USA Is Number 2 in Health Care

 
Scientific American, that paragon of science writing, has an article on health care. It reports the results of a study done by a bunch of Canadians. They compare the health care systems in the USA and Canada and discover that We're Number Two: Canada Has as Good or Better Health Care than the U.S..
According to Woolhandler, by looking at already ill patients, the researchers eliminated any Canadian lifestyle advantage and just examined the degree to which the two systems affected patient deaths. (Mortality was the one kind of data they could extract from a disparate pool of 38 papers examining everything from kidney failure to rheumatoid arthritis.)

Overall, the results favored Canadians, who were 5 percent less likely than Americans to die in the course of treatment.
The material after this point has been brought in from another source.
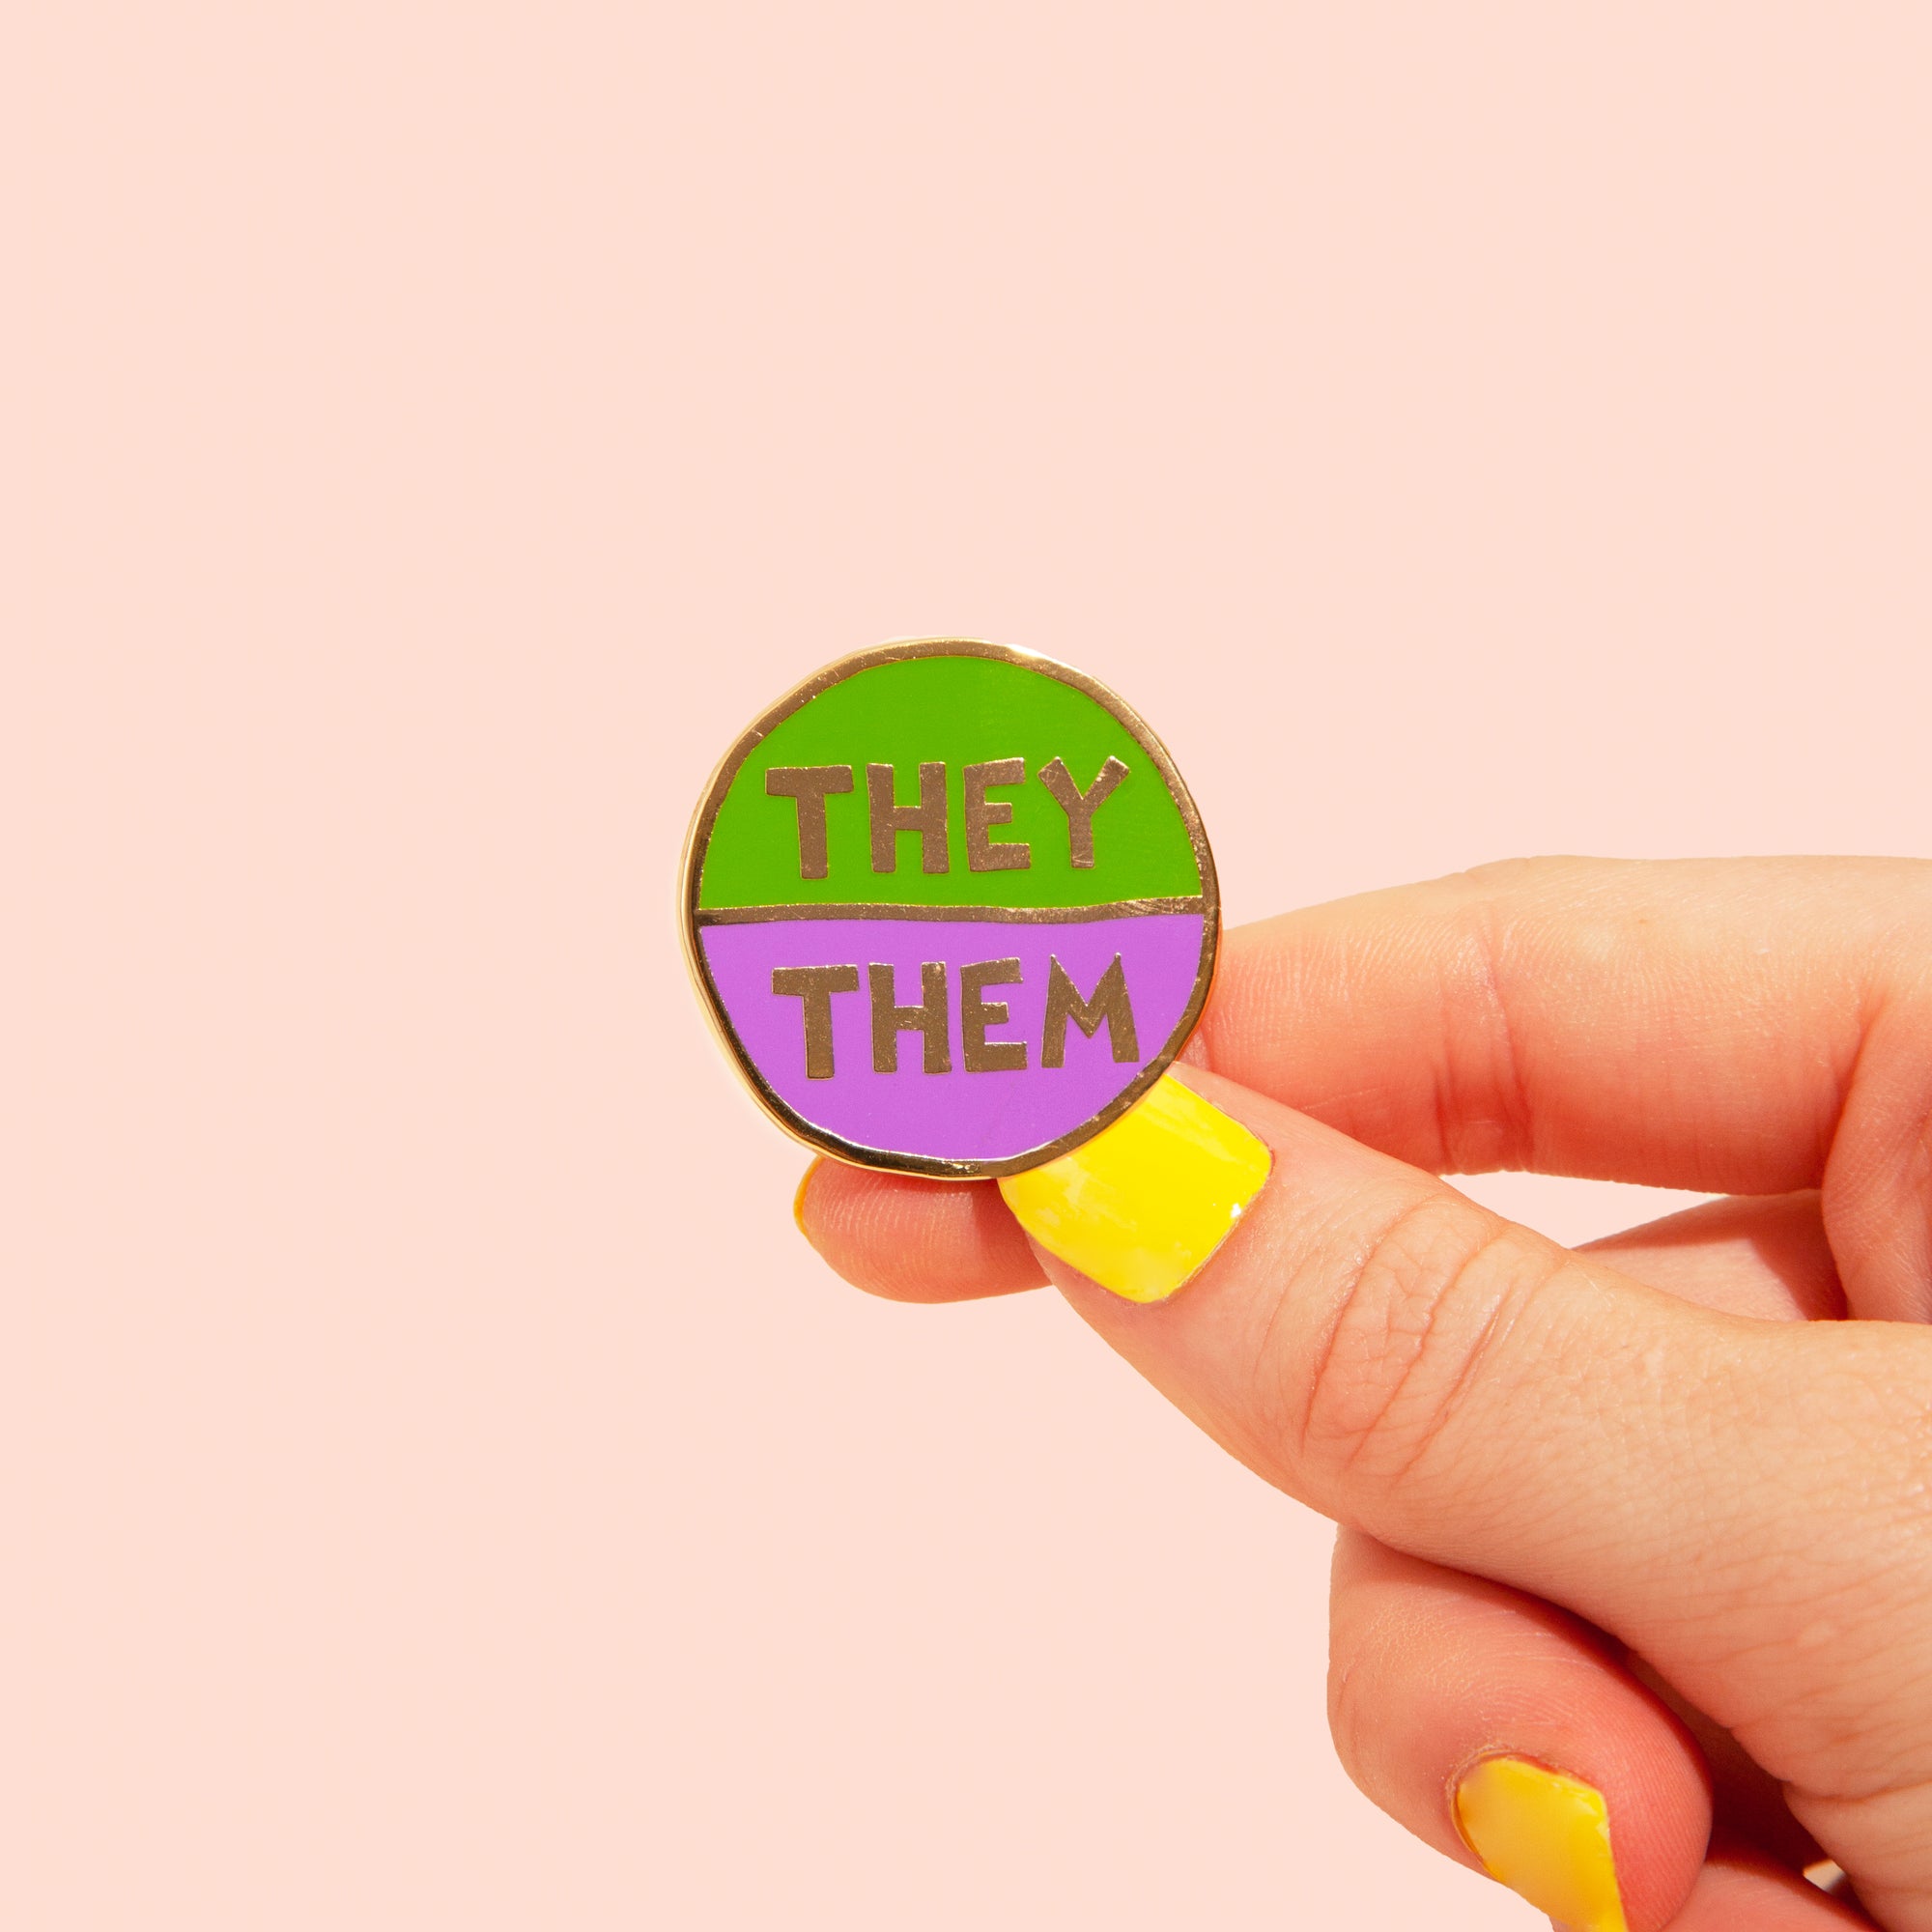 They/Them Pin

Some disorders, such as kidney failure, favored Canadians more strongly than Americans, whereas others, such as hip fracture, had slightly better outcomes in the U.S. than in Canada. Of the 38 studies the authors surveyed, which were winnowed down from a pool of thousands, 14 favored Canada, five the U.S., and 19 yielded mixed results.
These studies are never conclusive. There will always be people who quibble about this or that and just as you might expect there is the obligatory complaint about wait times in Canada.

The point isn't so much whether Canada is better—although it is—the point is that Americans have just got to stop pretending that they have the best health care system in the world. At the very least it's time to admit that it's "one of the best." One thing is very clear, the American system may not be the best in the world but it's sure the most expensive.
The study's authors highlight the fact that per capita spending on health care is 89 percent higher in the U.S. than in Canada. "One thing that people generally know is that the administration costs are much higher in the U.S.," Groome notes. Indeed, one study by Woolhandler published in The New England Journal of Medicine in 2003 found that 31 percent of spending on health care in the U.S. went to administrative costs, whereas Canada spent only 17 percent on the same functions.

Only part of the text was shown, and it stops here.